There was a story of a group of people keeping reminders of grudges and vendettas – what would we be able to do with the intellectual/emotional bandwidth we currently devote to bitter resentment? What about if we always protected, always persevered?

It’s a really good dream, but I think maybe my biggest problem is that it doesn’t feel so impossibly far away. It’s more like a parallel timeline that would easily merge with a few small adjustments from each of us. Like if I didn’t say those things about those people, that’s it. I don’t drag them through the mud, and I don’t feel horrible for opening my mouth. Then that negative energy never sees the light of day, is never expressed. What has been done in our impatient frustrated rage disintegrates, as we breathe and pray instead.
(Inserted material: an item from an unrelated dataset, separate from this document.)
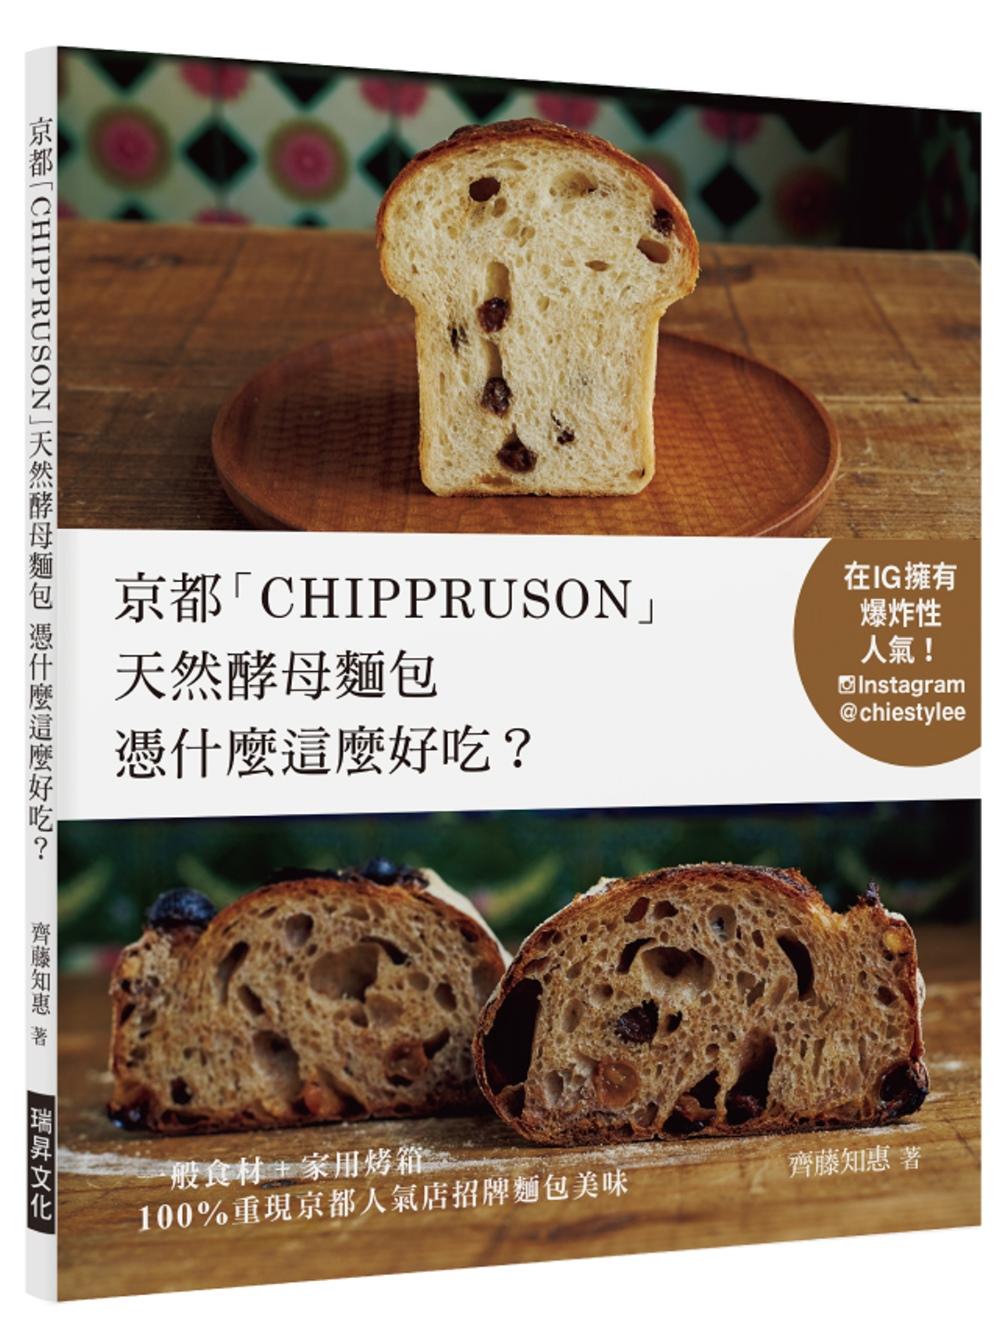 京都「CHIPPRUSON」天然酵母麵包憑什麼這麼好吃?:在IG擁有爆炸性人氣!一般食材+家用烤箱,100%重現京都人氣店招牌麵包美味

Sounds simple when I say it, right? It’s probably not. But it helps me “always persevere.”

I’ve already tried the other path, where I’m sarcastic, cutting, self-loathing. Where I assume the worst of you and me. Where I tear down before I am torn down. Where I am desperate and hopeless, endlessly searching for more evidence that it’s all broken beyond repair. Where it is what it is, and we are what we are.

And after that, all I felt was miserable. But loving you (and me and my neighbors and the cashier and the tv stars & politicians) and thinking about the pure, true, and beautiful makes every moment brighter. We get to choose the stories we live, and the glasses we wear through which we see our surroundings. We can choose something new and fresh. As it says in the book of Deuteronomy, it’s all set before us, we can Choose Life.